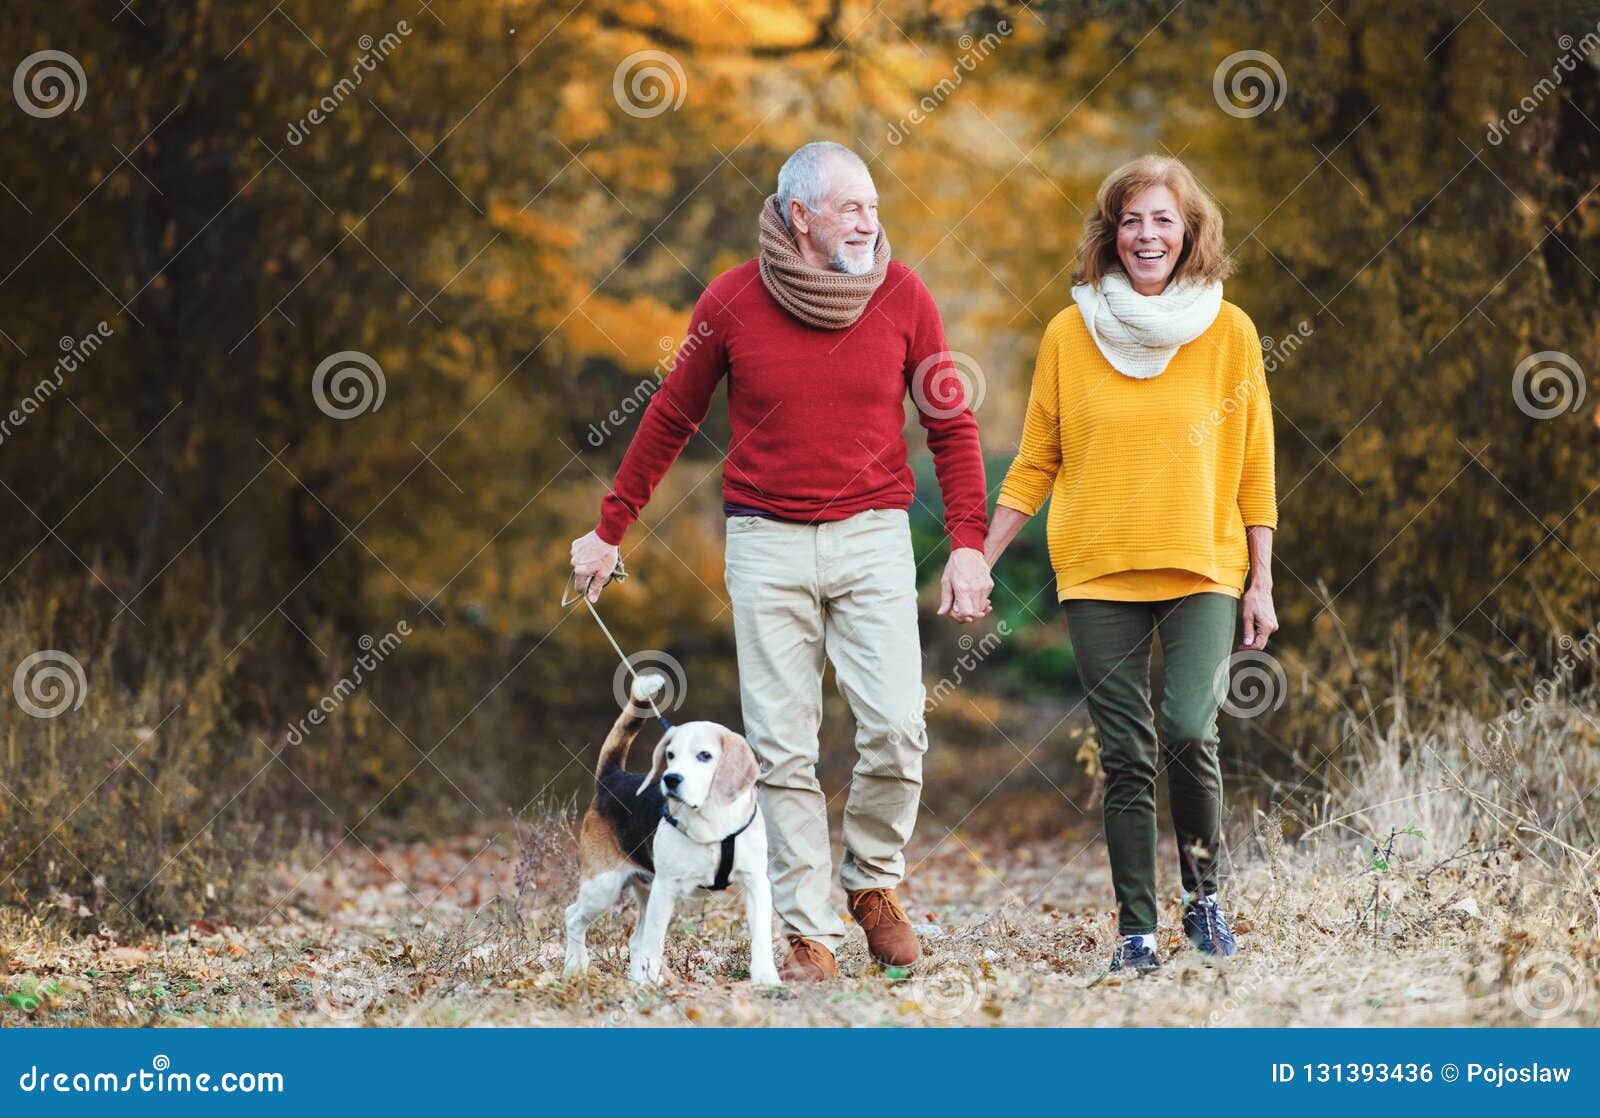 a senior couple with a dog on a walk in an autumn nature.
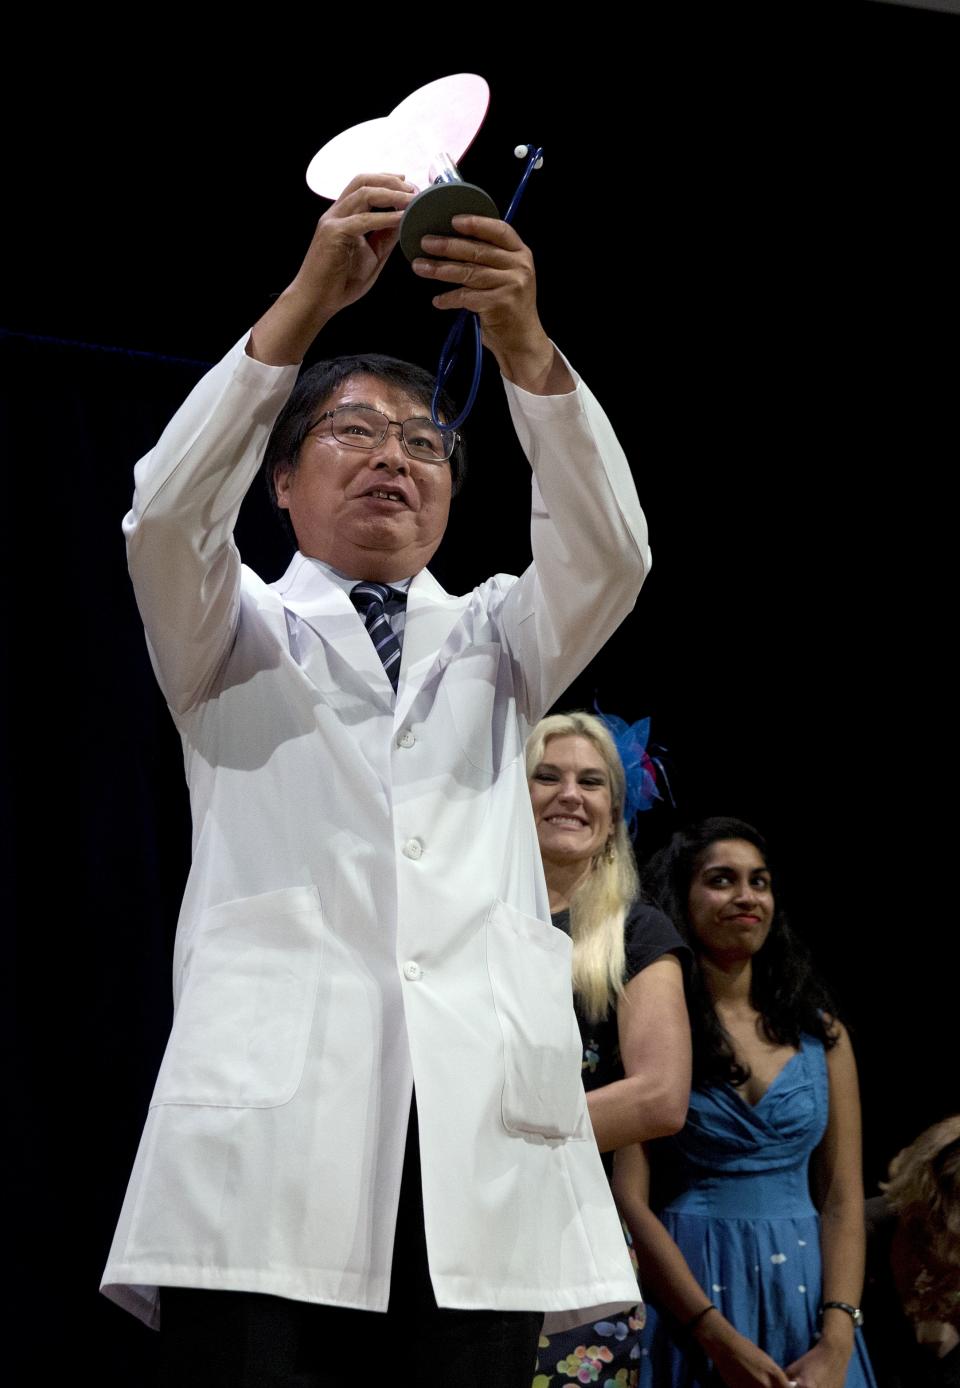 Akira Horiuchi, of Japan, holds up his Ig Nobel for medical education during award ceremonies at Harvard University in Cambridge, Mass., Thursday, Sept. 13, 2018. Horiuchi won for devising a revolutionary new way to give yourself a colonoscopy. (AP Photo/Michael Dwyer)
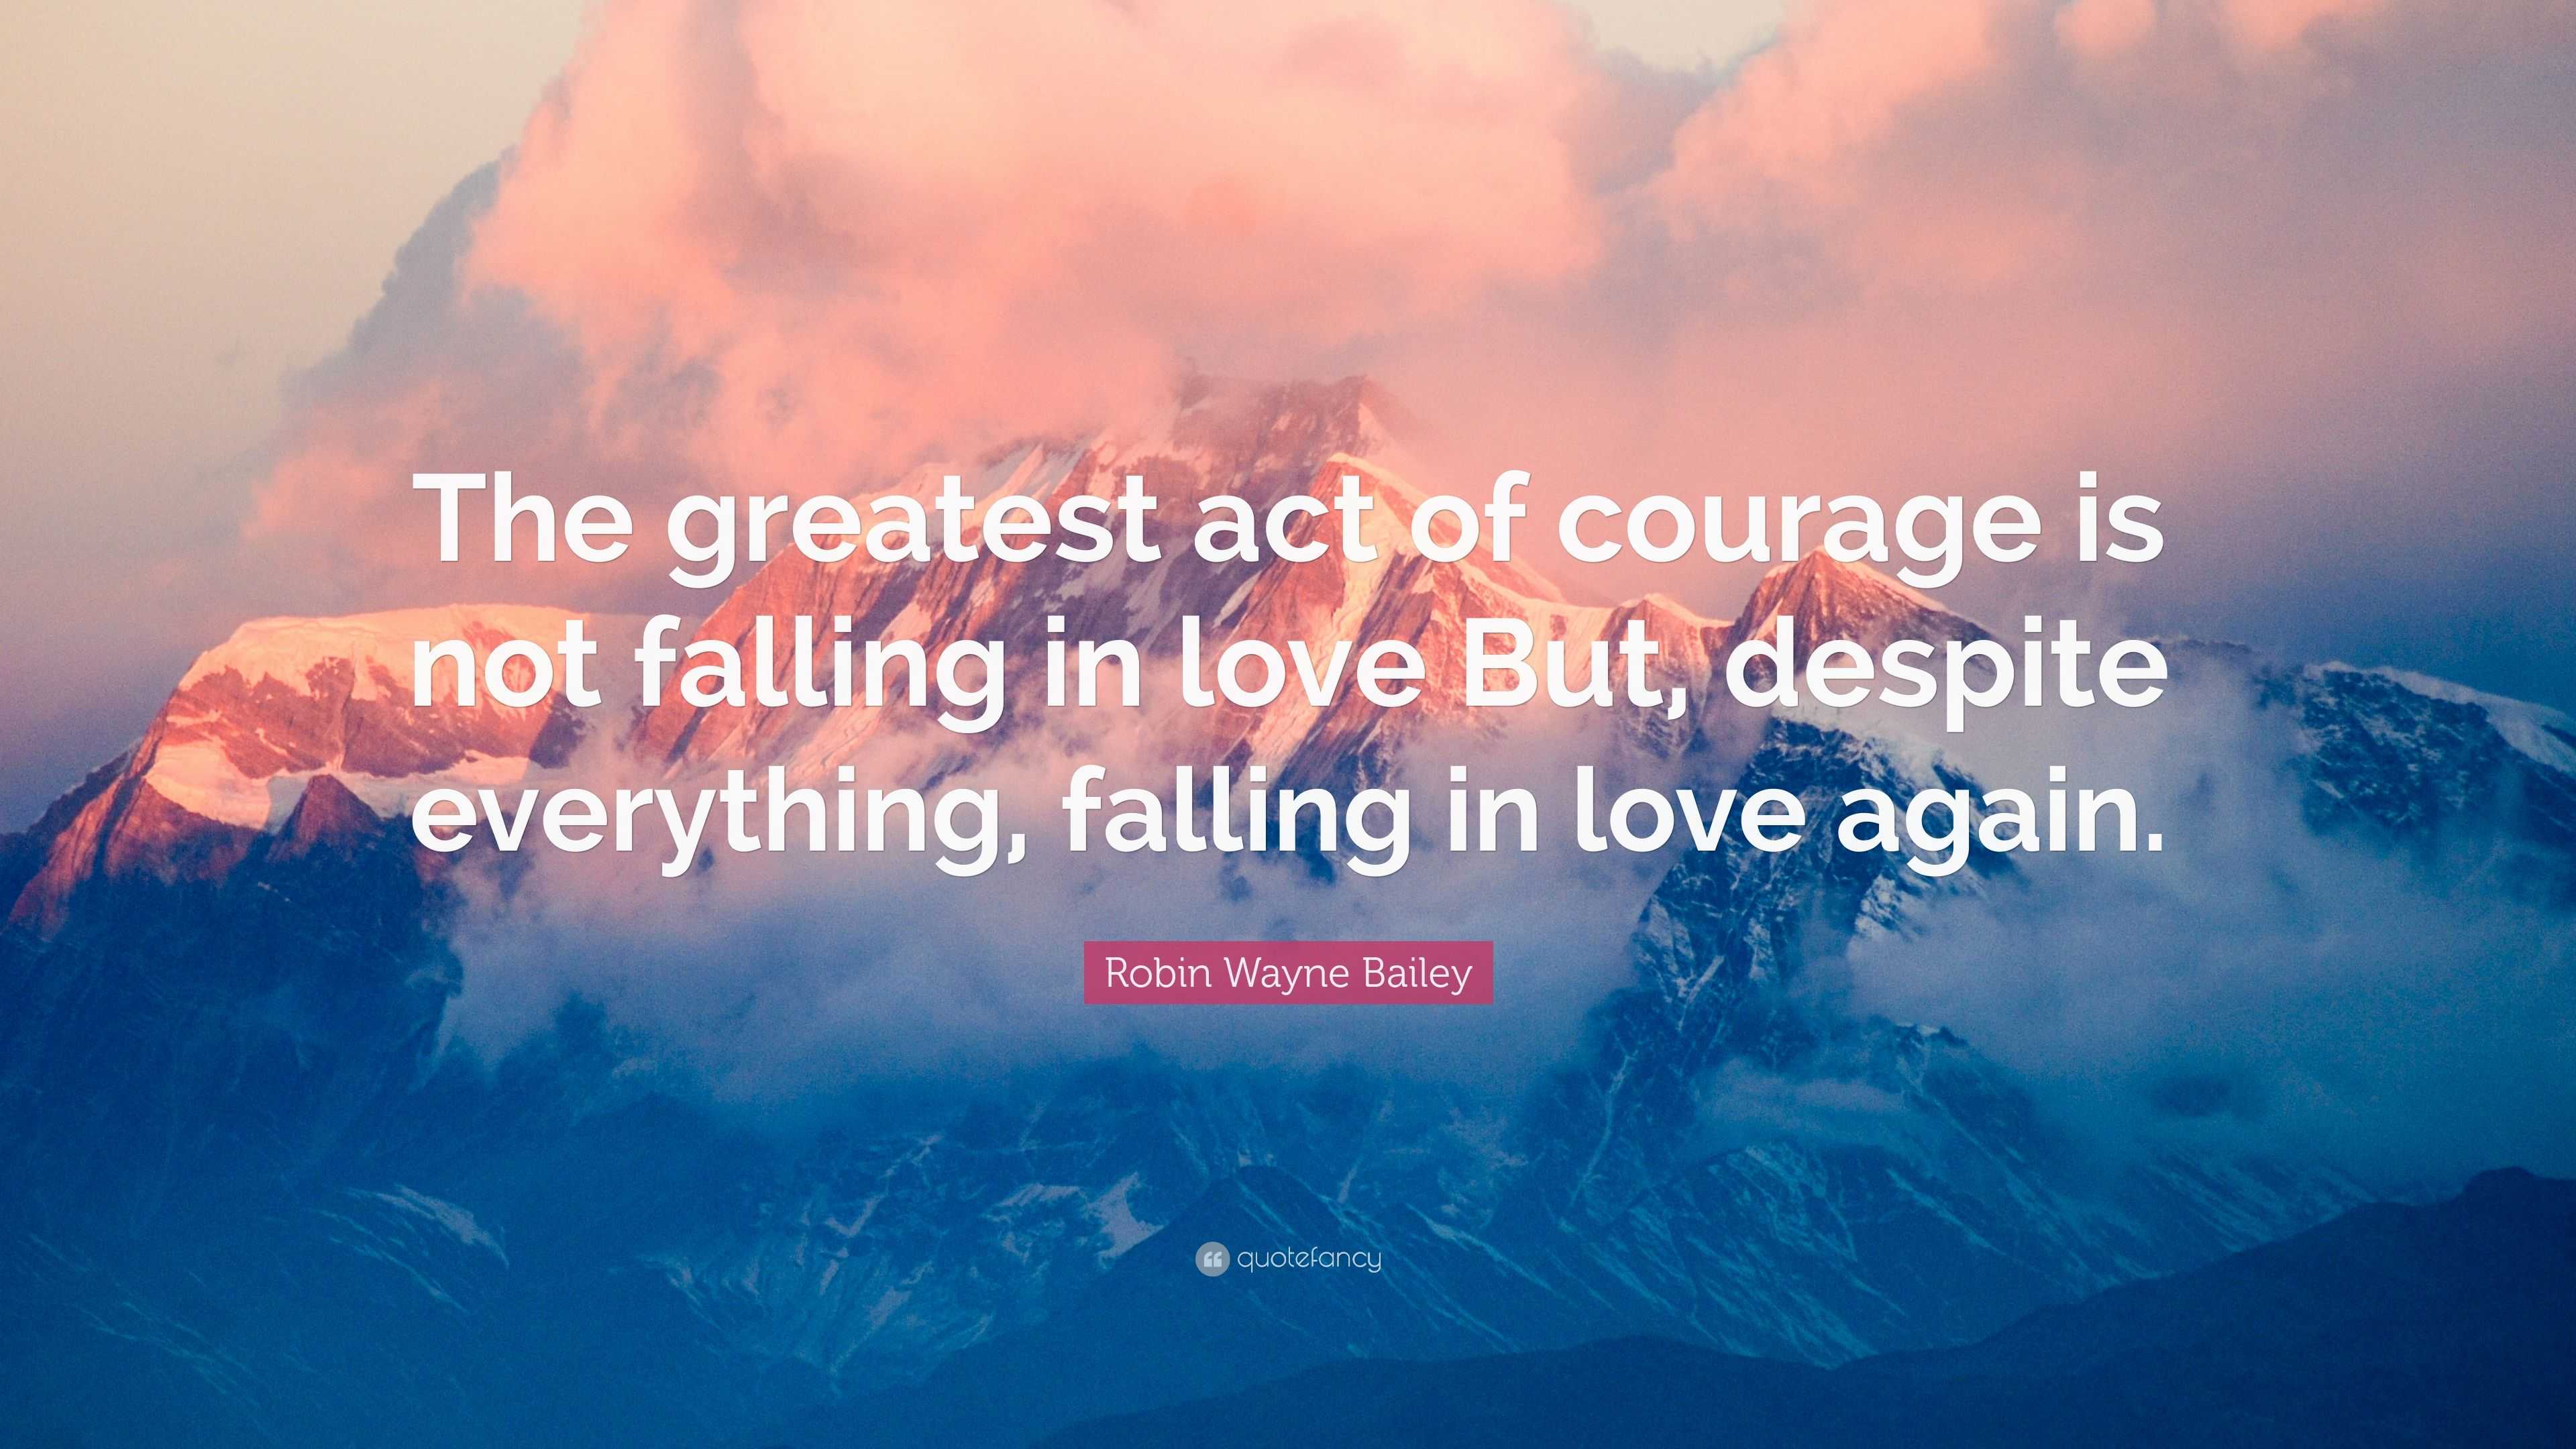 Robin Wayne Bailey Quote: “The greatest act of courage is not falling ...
++++++++
Starting at the line with "Akira Horiuchi, of", output each line through the final one of the listing above, and nothing else. Pictures are to be left out.

Worked solution -
 Akira Horiuchi, of Japan, holds up his Ig Nobel for medical education during award ceremonies at Harvard University in Cambridge, Mass., Thursday, Sept. 13, 2018. Horiuchi won for devising a revolutionary new way to give yourself a colonoscopy. (AP Photo/Michael Dwyer)
 Robin Wayne Bailey Quote: “The greatest act of courage is not falling ...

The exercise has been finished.